Running Apache Spark from the Docker image causes problems with autocomplete in the shell. In that way, the apache spark-shell autocomplete is broken. Suspicion falls on the terminal settings and the JLine configuration. In fact, the cause lies in a completely different place.

The story background

The Apache Spark Shell is started from the bitnami/spark Docker image. The shell opens normally, but autocomplete does not work. Instead of suggestions to complete the input, strange control characters appear in the terminal. The cursor cannot be positioned in the line and access to the history is also not possible.
Elsewhere, an attempt is made to load an external package when the spark shell is started. Here, too, strange errors occur. Both errors seem to be independent of each other at first. However, further analysis finds a commonality.

Terminal Settings

The Linux terminal settings are various. Environment variables control character sets or character encoding. These also include control characters such as cursor keys or the tabulator key. Many settings are made through environment variables in the shell. For remote access, for example. Putty offers default settings for access. Changing the settings has no effect. In fact, cursor keys and tabulators work in bash. However, if you open the Spark shell (in the container) from here, the problems described at the beginning occur.

JLine settings

The next starting point for restriction is the JLine library. Scala and thus also spark-shell use this extension for the interactive shell. Various terminal emulations are given as parameters in the command line. Unfortunately, all settings remain ineffective here as well. Completion still does not work.

Loading external packages

Independently of the ones described, another problem occurs. The spark-shell allows loading external artifacts by setting the –packages option in the command line. While the option does its job in the locally installed Spark, errors occur in the Docker container. In the container, the output indicates missing access rights in the file system. Initially, no connection is seen between the two problems.

Analyzing the Problem

On closer examination, the connection between the two problems becomes clear. The files from the Spark installation are stored with root privileges. Both the folder itself and all the files it contains belong to the root user. The container itself is executed with another user. This user lacks the right to create a folder in the working directory:
  • When started, spark-shell creates a folder ./tmp in the current directory. This is not possible due to a lack of rights. As a result, the creation fails.
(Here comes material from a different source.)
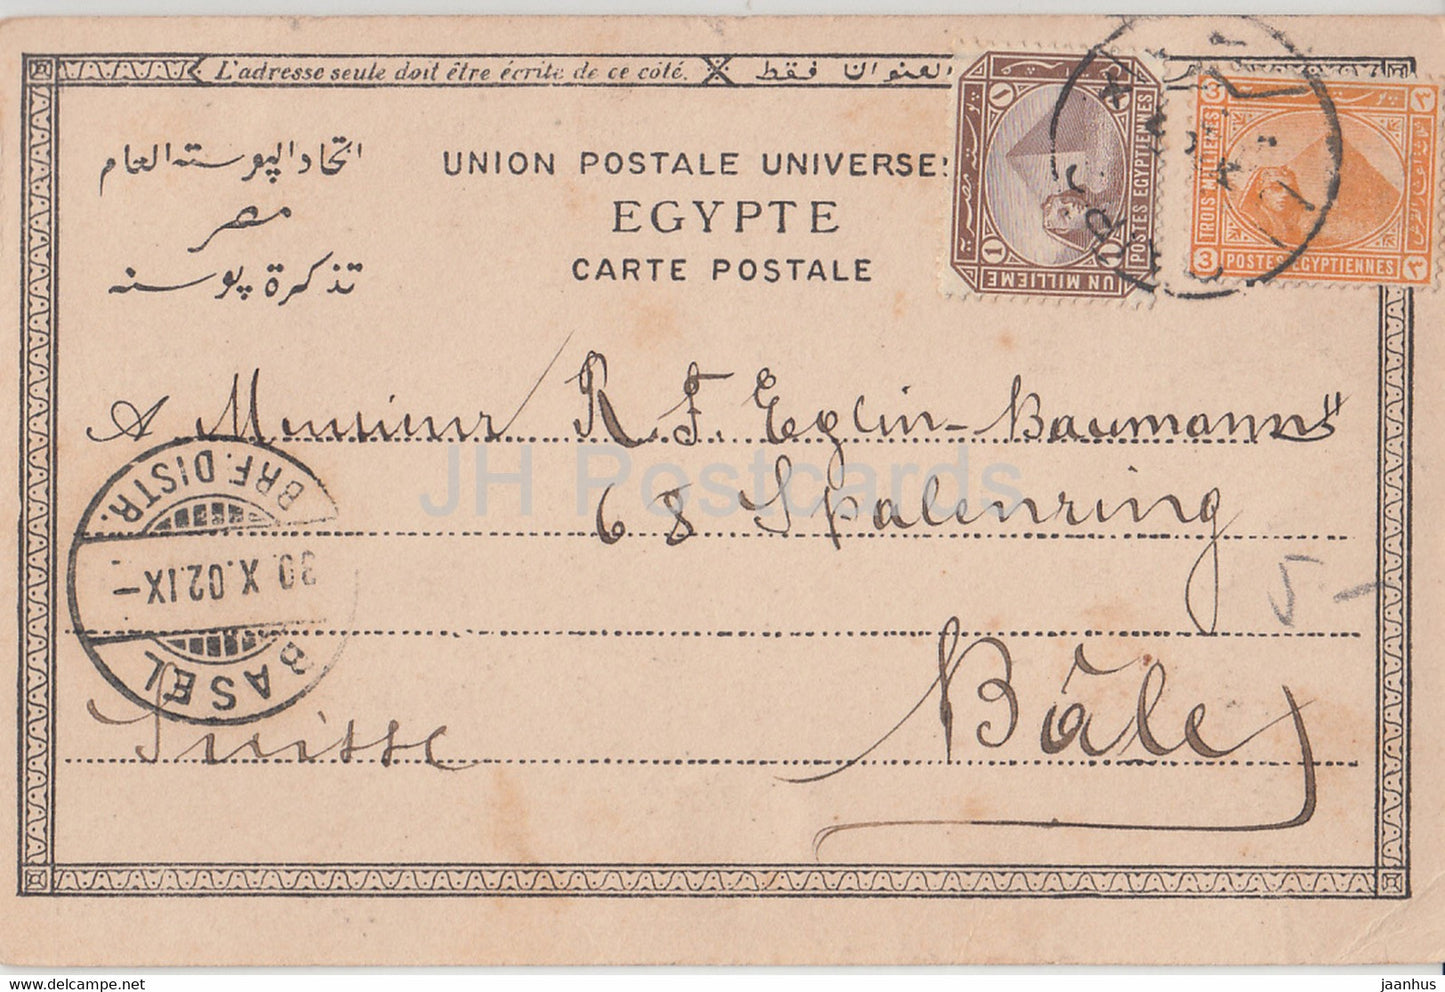 Prize d'un crocodile - Tiere - 335 - alte Postkarte - 1902 - Ägypten - gebraucht
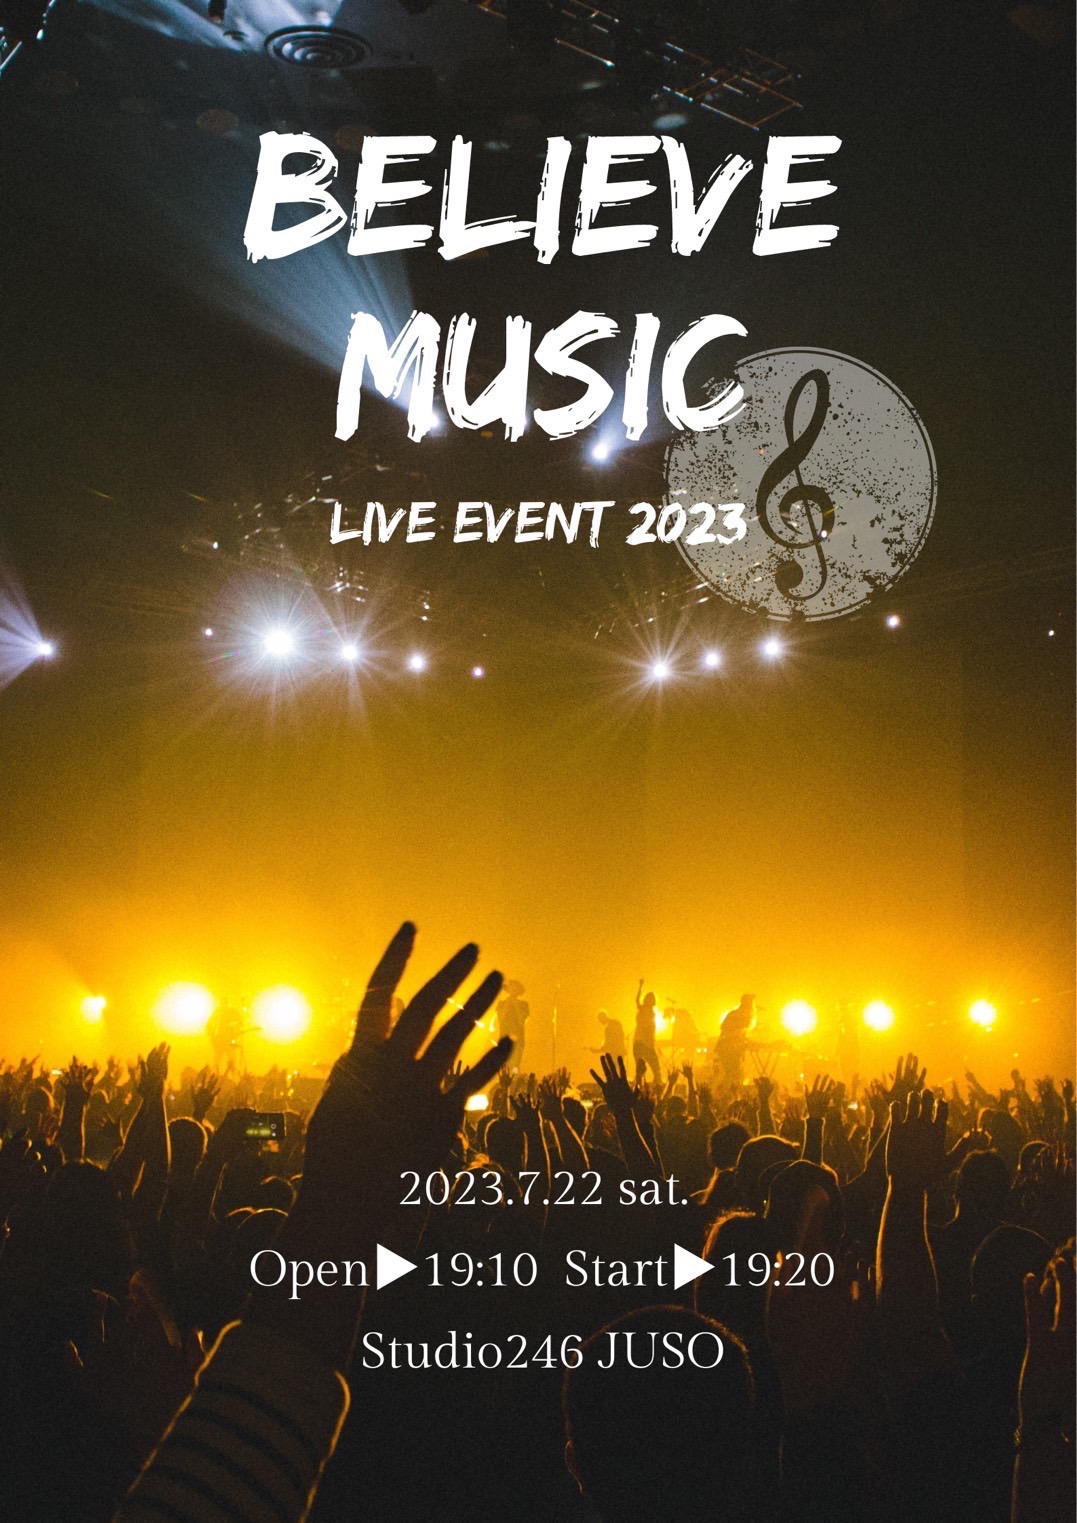 Believe Music LIVE EVENT 2023 参加します🎸

The spark shell starts and the completion is faulty. Apache Spark shell autocomplete is broken.
  • The situation is similar to the external packages. Here, a folder ./ivy is created in the current directory. This fails due to missing rights in the file system. When loading the artifacts, an exception occurs and the artifacts are missing in the shell.

Conclusion

The error can be traced in the project’s issue tracker. It is recorded under #85 and described with detailed terminal output. Finally, it is confirmed as an error and a bug fix is created.
The error analysis was not easy, all clues pointed to the shell environment or the terminal settings. In the end, however, it was only missing access rights. Starting with root privileges is a temporary workaround, but with the new fix, the Spark Shell can now be run in userspace again.